** Data excerpt follows **

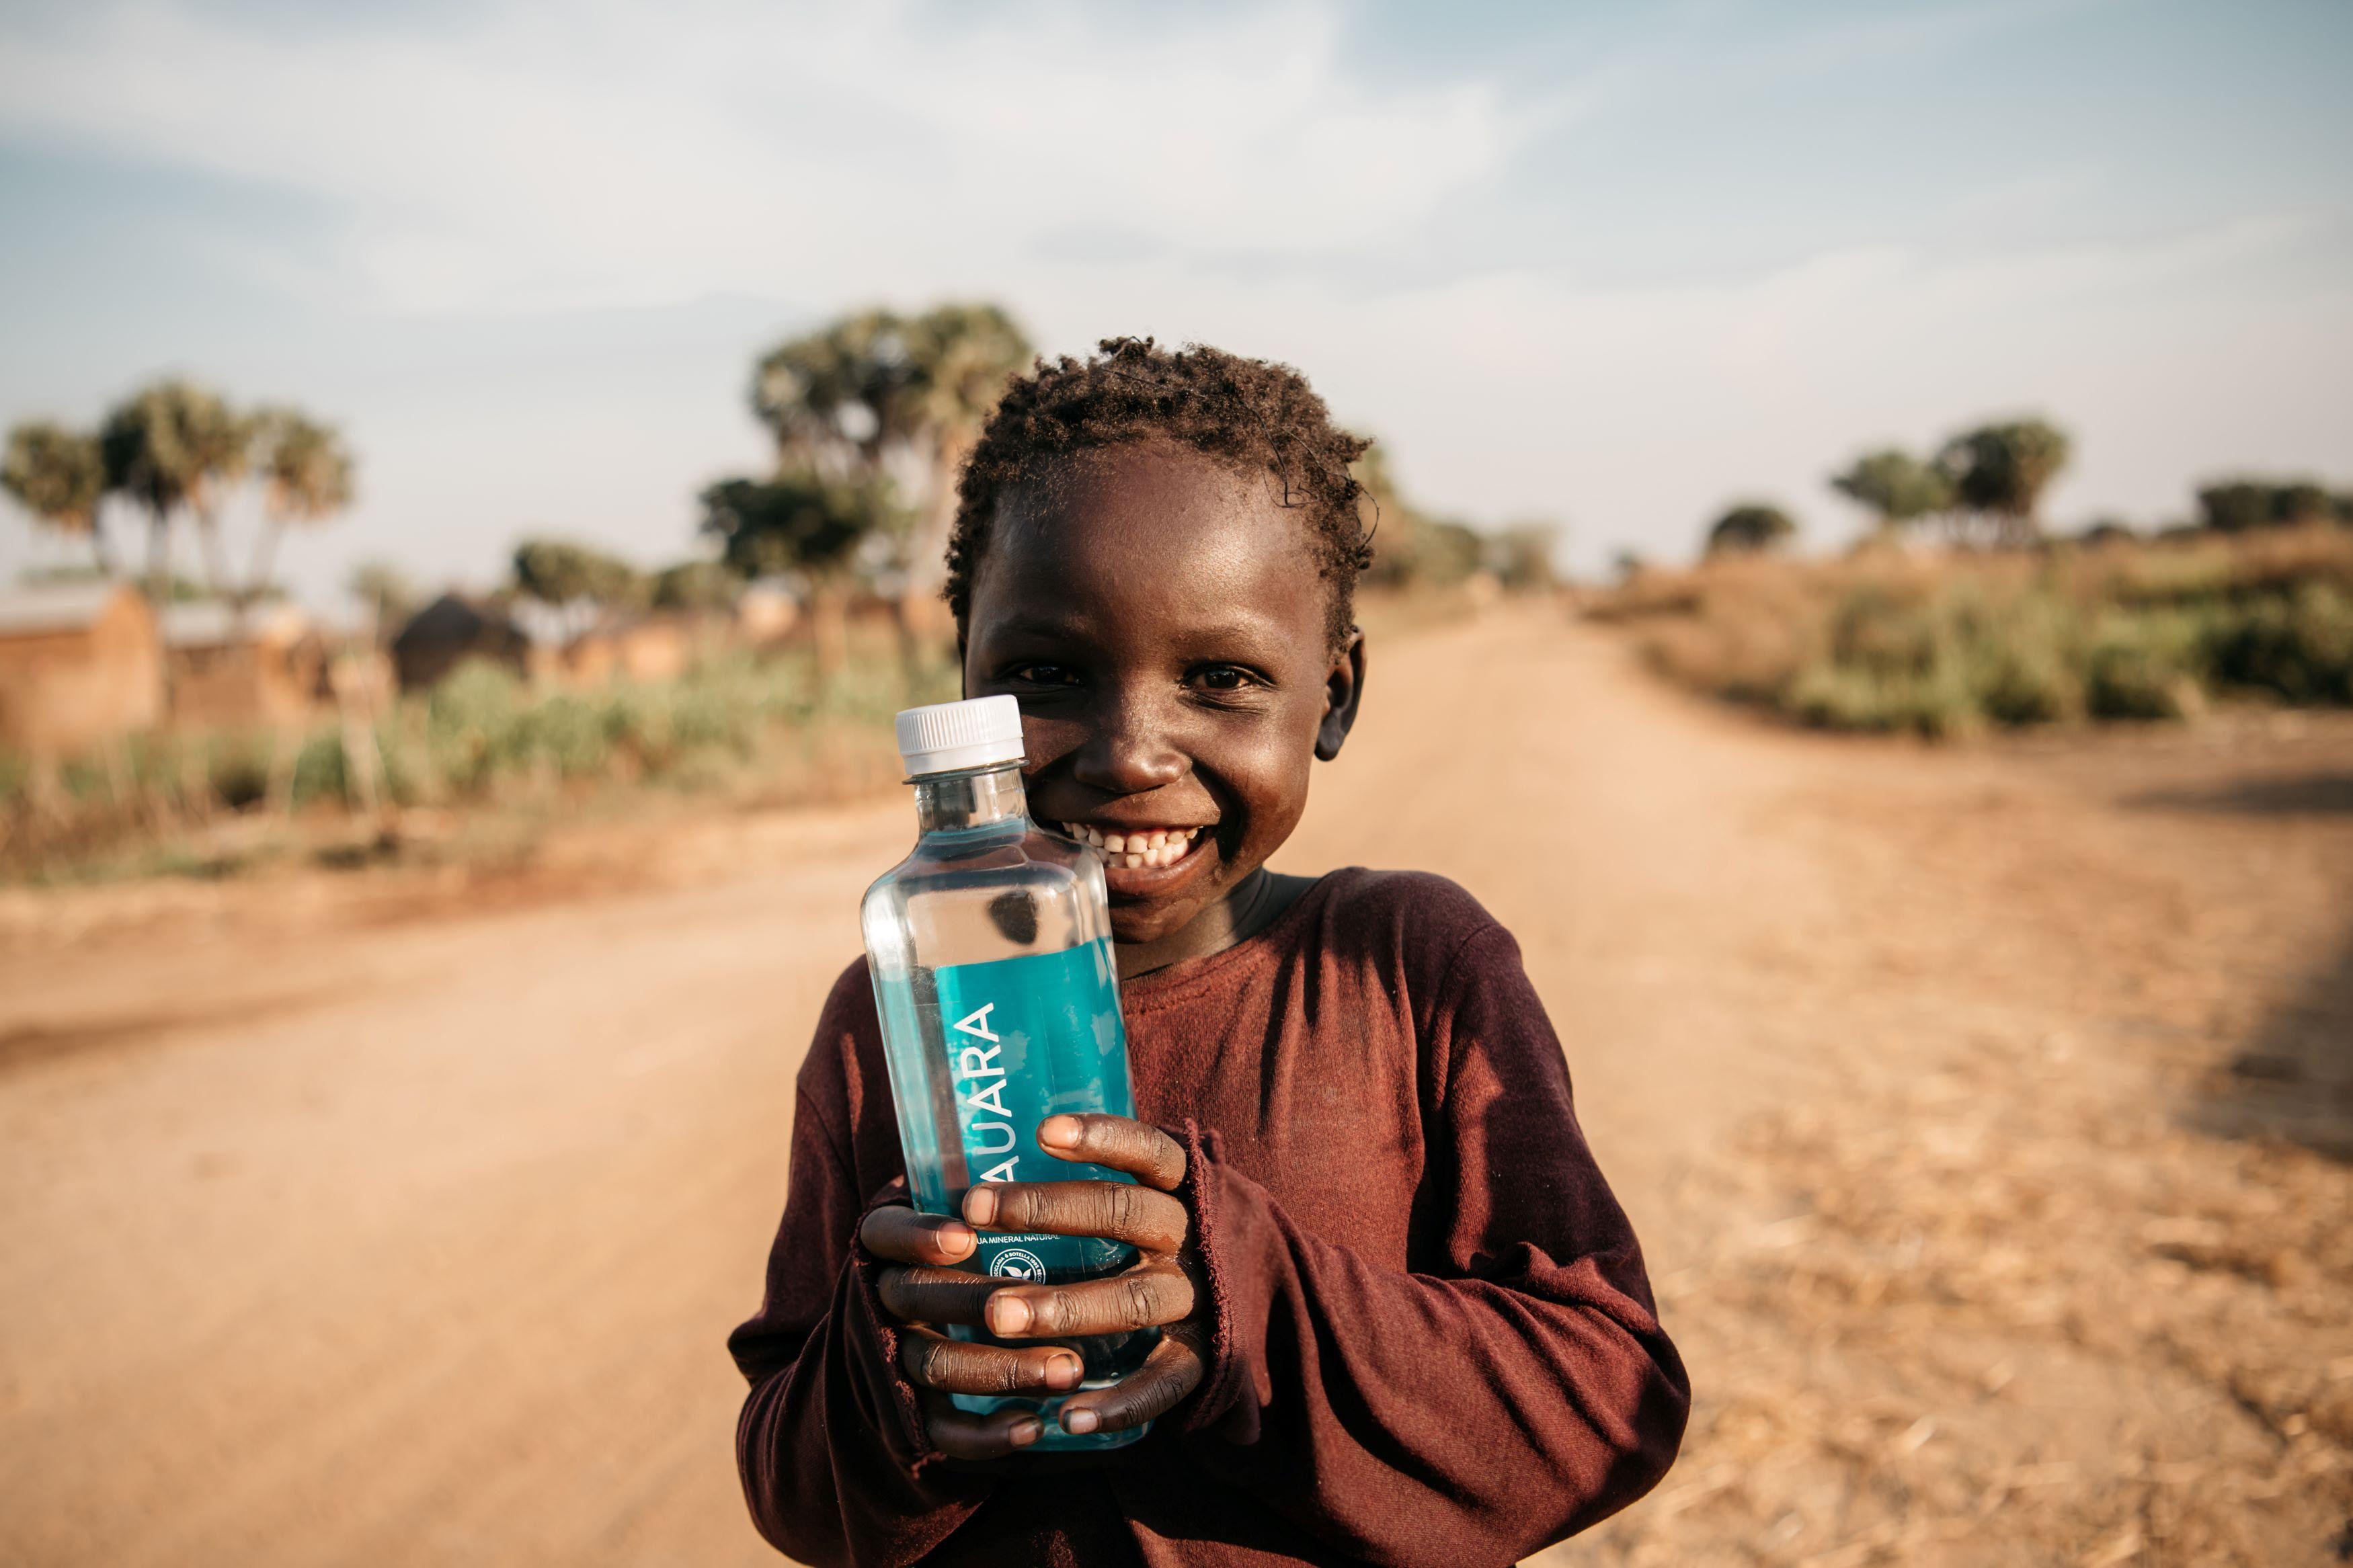 Foto de Imagen tomada en un reciente viaje al Chad, donde AUARA tiene
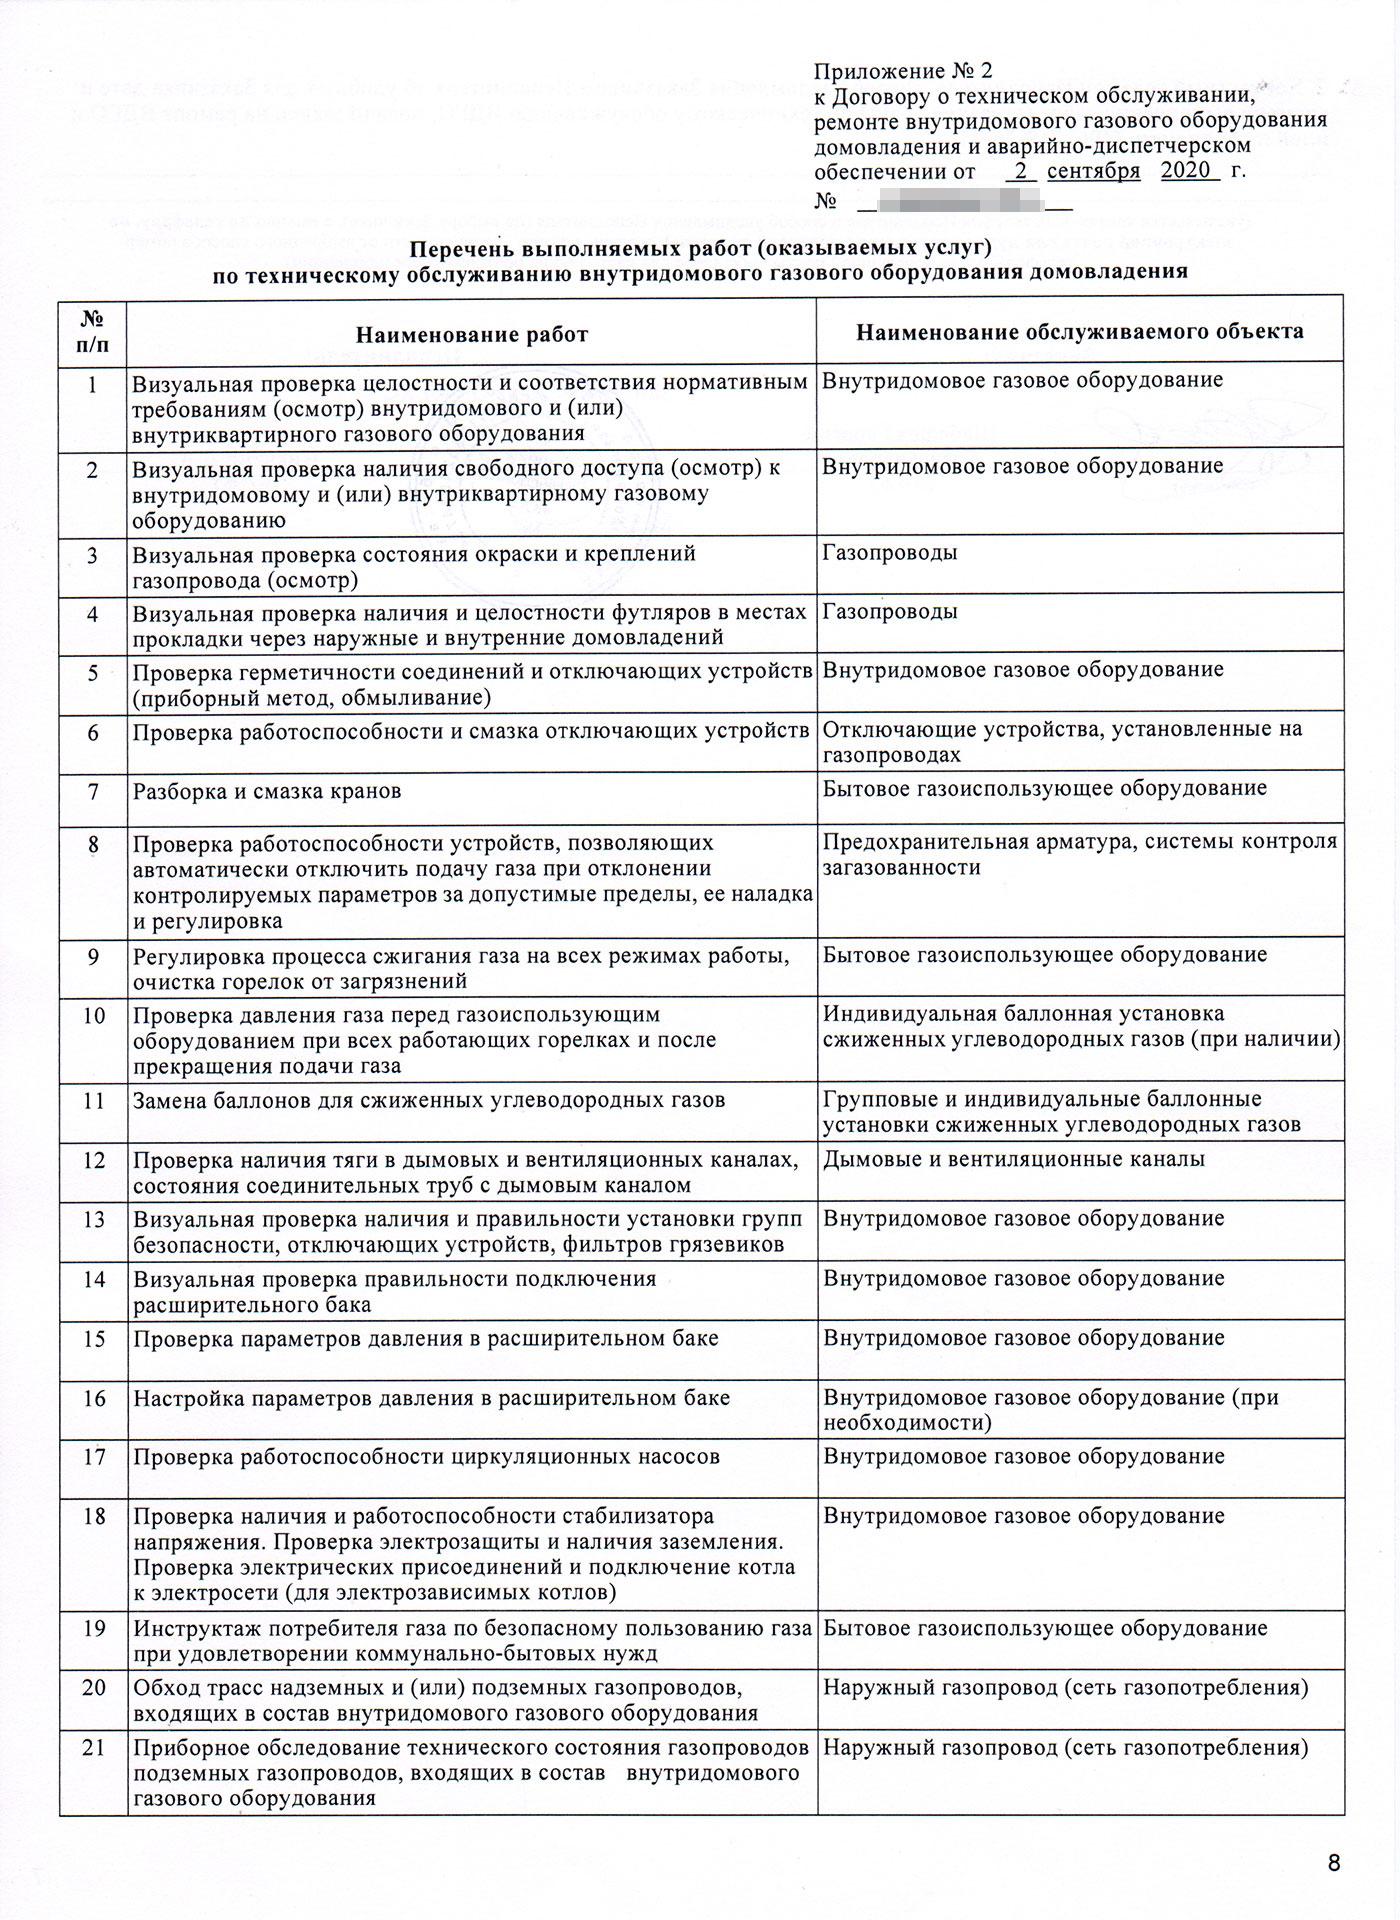 Приложение 2 — подробный перечень работ, выполняемых в рамках договора
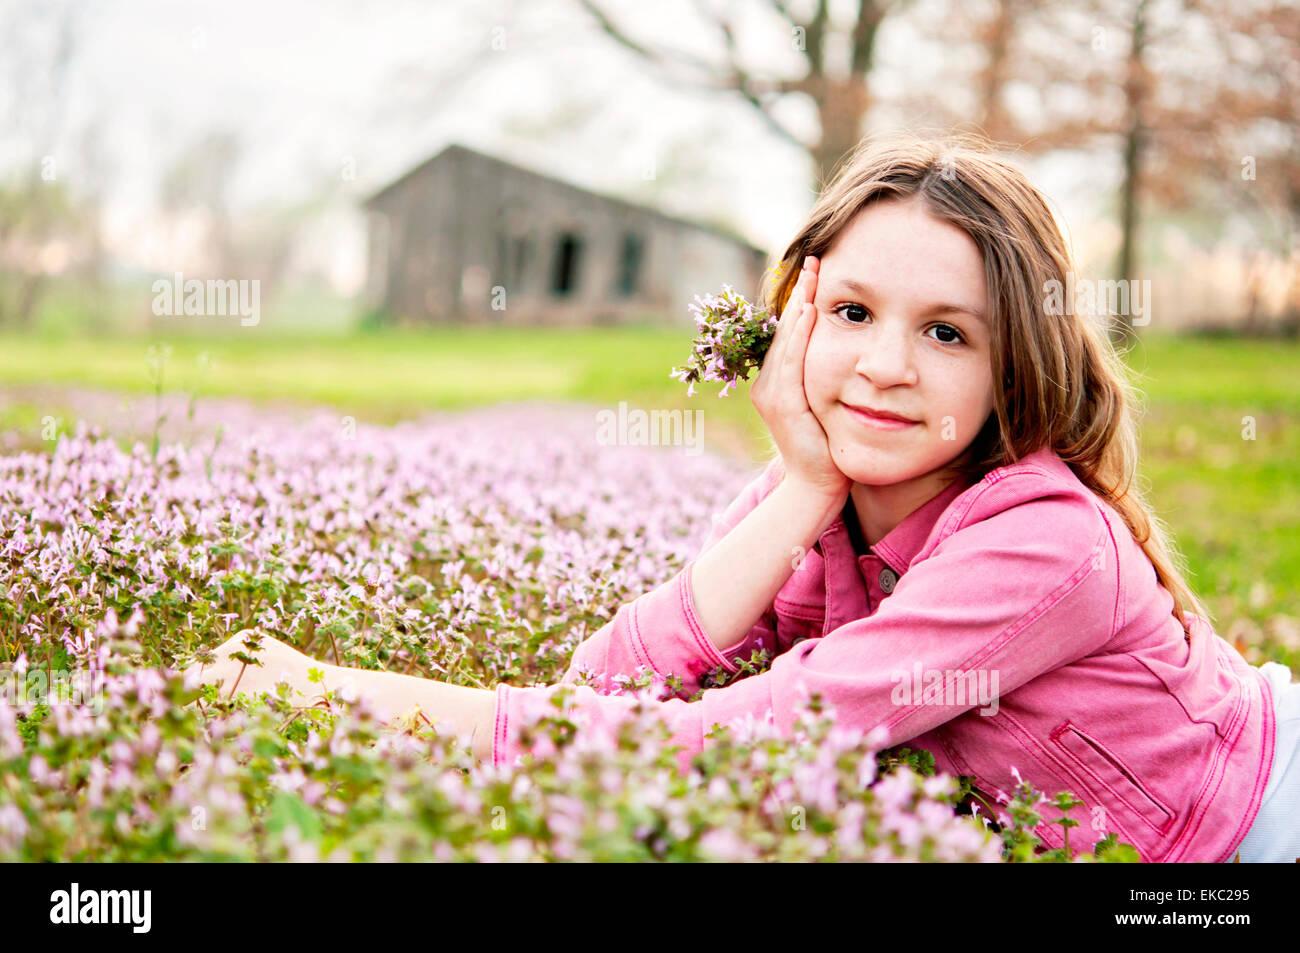 Ragazza ritratto di primavera fiori Immagini Stock

** End of Data excerpt **

Every line from the one containing "Приложение 2 —" through the end of the listing is to be copied exactly; the pictures are not.

**Your response**.
 Приложение 2 — подробный перечень работ, выполняемых в рамках договора
 Ragazza ritratto di primavera fiori Immagini Stock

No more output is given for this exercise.